Vertigo (Baş Dönmesi) Belirtileri Nelerdir?
vertigo belirtileri; Hastanın hikayesini alırken vertigonun özellikleri, birlikte bulunan diğer belirtiler ve hastanın özgeçmişi iyi araştırılmalıdır. Bu amaçla hastanın hikayesinde aşağıdaki sorular sorulmalıdır:
- Oda mı dönüyor yoksa düşme hissi mi var?
- Bayılma veya bilinç kaybı oluyor mu?
- Yürüyüş bozuklukları var mı?
- Baş dönmeniz ne zaman başladı?
- Sürekli mi yoksa ataklar halinde mi oluyor?
- Ataklar halindeyse bir atak ne kadar sürüyor?
- Ataklar hangi durumlarda oraya çıkıyor?
- Ataklar arasında tamamen normal misiniz?
- Birlikte işitme kaybı veya kulak çınlaması var mı?
- Birlikte bulantı kusma var mı?
- Baş dönmesinin ortaya çıktığı veya arttığı pozisyonlar var mı?
- Daha önce böyle şikayetleriniz oldu mu?
- Sigara veya alkol kullanıyor musunuz?
- Kafa travması veya herhangi bir ameliyat geçirdiniz mi?
- Sizce bu şikayetin sebebi nedir?
Alınan bu detaylı hikaye sonrası tam bir kulak burun boğaz muayenesi, nörolojik muayene, nistagmus da denilen hızlı göz hareketlerinin varlığının ve özelliklerinin değerlendirilmesi, işitme ve denge testleri, rutin kan biyokimyasal tetkikleri ve gerekirse EKG, EEG, BT, MR görüntülemeleri yapılmalıdır.
Hızlı göz hareketlerinin (nistagmus) varlığı durumunda bu nistagmusun özellikleri (yönü, şiddeti, yorulma olup olmadığı gibi) vertigonun beyne veya kulağa ait sebepler açısından ayırt edilmesine katkı sağlar.

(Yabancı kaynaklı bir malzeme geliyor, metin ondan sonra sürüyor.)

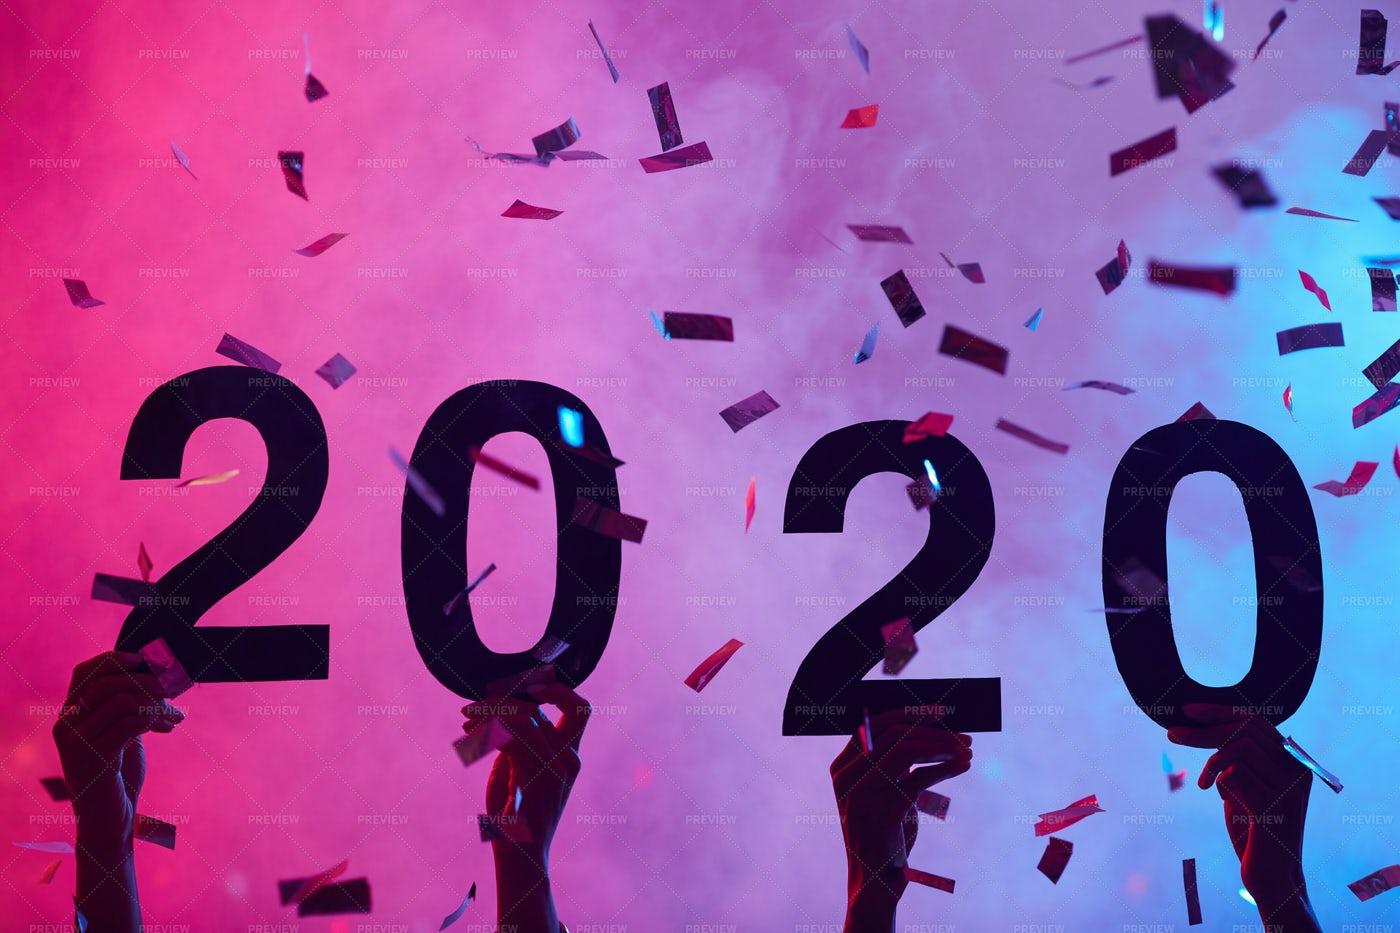 New Year 2020: Stock Photos

Vertigo (Baş Dönmesi) tedavisi nasıl yapılmalıdır?
Vertigo tedavisi öncelikle sebebi biliniyorsa, sebebe yönelik olmalıdır. Ancak sıklıkla belirgin bir sebep bulunamadığı için tedavi belirli bir hastalığa özel olmadan da yapılabilir. Bu tedavi önlemleri;
- Tetikleyici faktörlerin ortadan kaldırılması
- Hastada mevcut stresin önlenmesi
- Alkol ve sigara içiminin yasaklanması
- Kafein ve tuz kısıtlaması
- Vertigoyu ortaya çıkaran pozisyon veya diğer faktörler belirlenmişse bunlardan kaçınılması
- İlaç tedavisi:
- Denge sistemini düzenlemeye ve/veya sedasyon yapmaya dönük ilaçlar (dimenhidrinate, diazepam, betahistine gibi)
- İşitme kaybı ile birlikte olan vertigolarda streptomisin veya gentamisin gibi kulağa toksik etkisi olan ilaçlar
- Cerrahi Tedavi: Uzun süreli ilaç tedavilerine cevap vermeyen durumlarda kullanılır. Bunlar da kendi içlerinde” destrüktif (mevcut işitmenin feda edildiği) vertigo ameliyatı ve “konservatif (işitmenin korunduğu) ameliyatlar olmak üzere ikiye ayrılır. Destrüktif ameliyatlara örnek iç kulağın ortadan kaldırıldığı “labirentektomi” ameliyatları konservatif ameliyatlara örnek ise “endolenfatik kese cerrahisi” ve “denge sinirinin kesilmesi” gibi ameliyatlardır.